Many Chinese now quickly associate Uighurs with trouble.
"The general perception of Uighurs has shifted in China at large. Now mention 'Uighurs,' and it's, 'Oh, dangerous terrorists!'" Bequelin said. "It may be the longest-lasting effect of this campaign."
ABOUT THE UIGHURS
The history of the Uighurs can be traced back 2,600 years. According to a history compiled by the London Uighur Ensemble, a group formed to popularize the traditional and popular music of the Uighurs, the nomadic tribes of that era rose "to challenge the Chinese Empire" and to become "the diplomatic arm of the Mongol invasion."
China's ethnic Uighurs are moderate Muslims who are related to the Turks.
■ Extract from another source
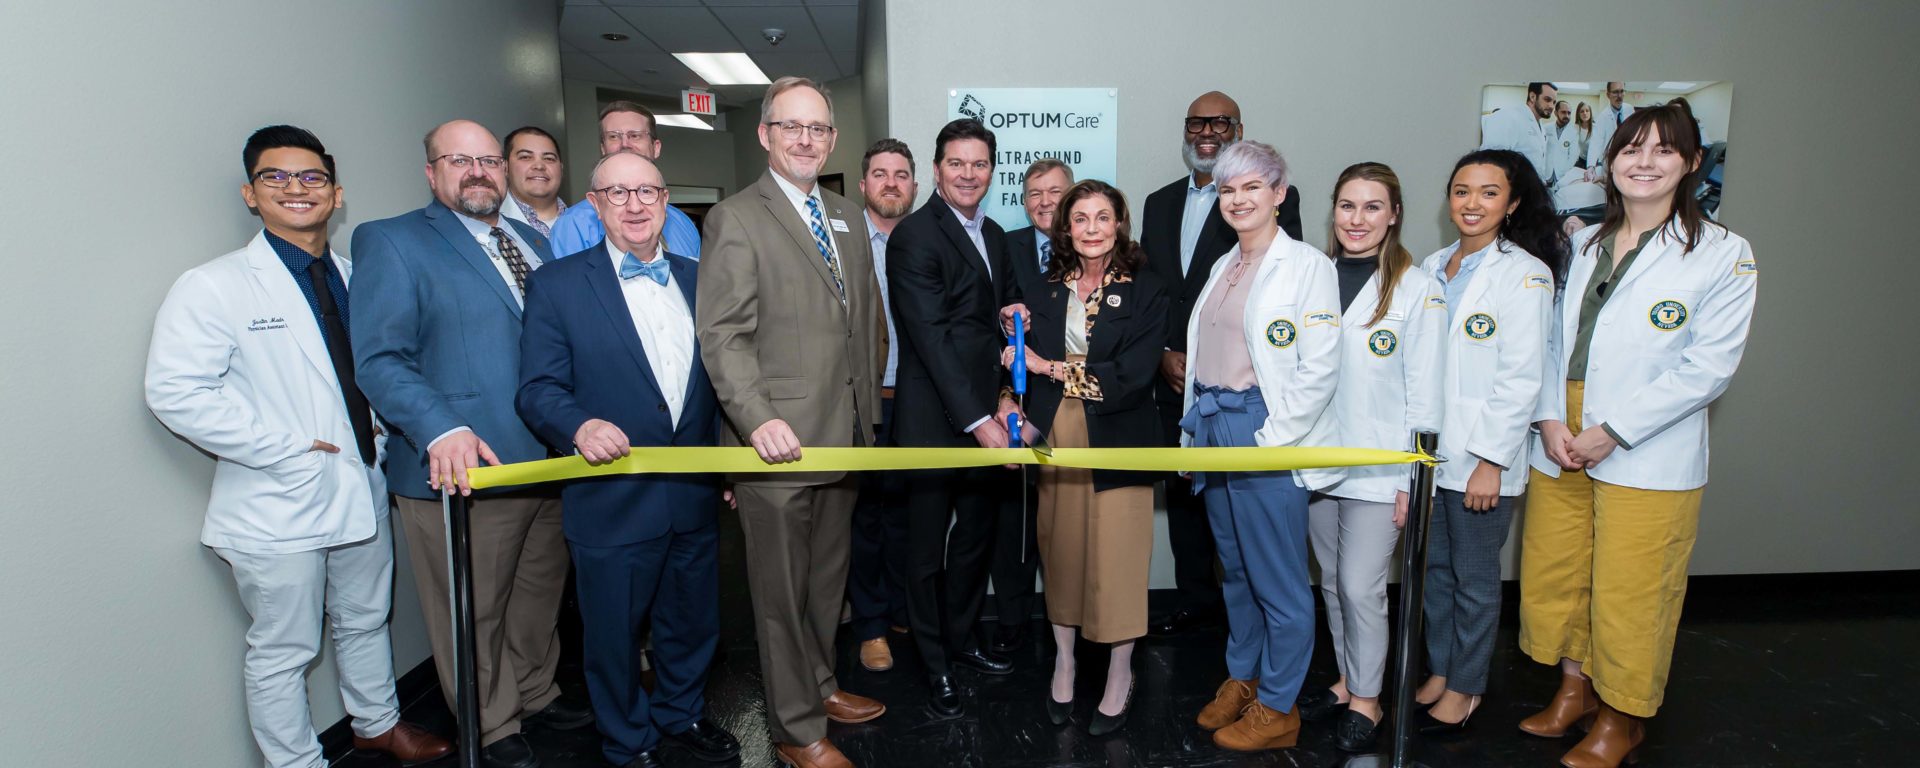  A special ribbon cutting was held to celebrate the center’s grand opening and was attended by the Touro College and University System Leadership, Dr. Robert McBeath, President of OptumCare Nevada, several healthcare professionals and students, and members of the Southern Nevada community.

Like the Kurds of Asia Minor and the Tamils of Sri Lanka, the Uighurs are a dissatisfied transnational ethnic minority spread across several countries, without an independent homeland or a strong leader. They are located mainly China, but also Kyrgyzstan, Kazakhstan and Uzbekistan.
The London Ensemble notes that the ethnic minority "staged several uprisings" against the Nationalist Chinese government in the period before the Communists took control of the country. In 1933 and 1944, the Uighurs established an independent Islamic Eastern Turkestan republic, but that attempt at a nation state ended after military intervention by the Soviet Union. With the establishment of the Maoist government in China in 1949, the tribal homeland came under Chinese communist rule.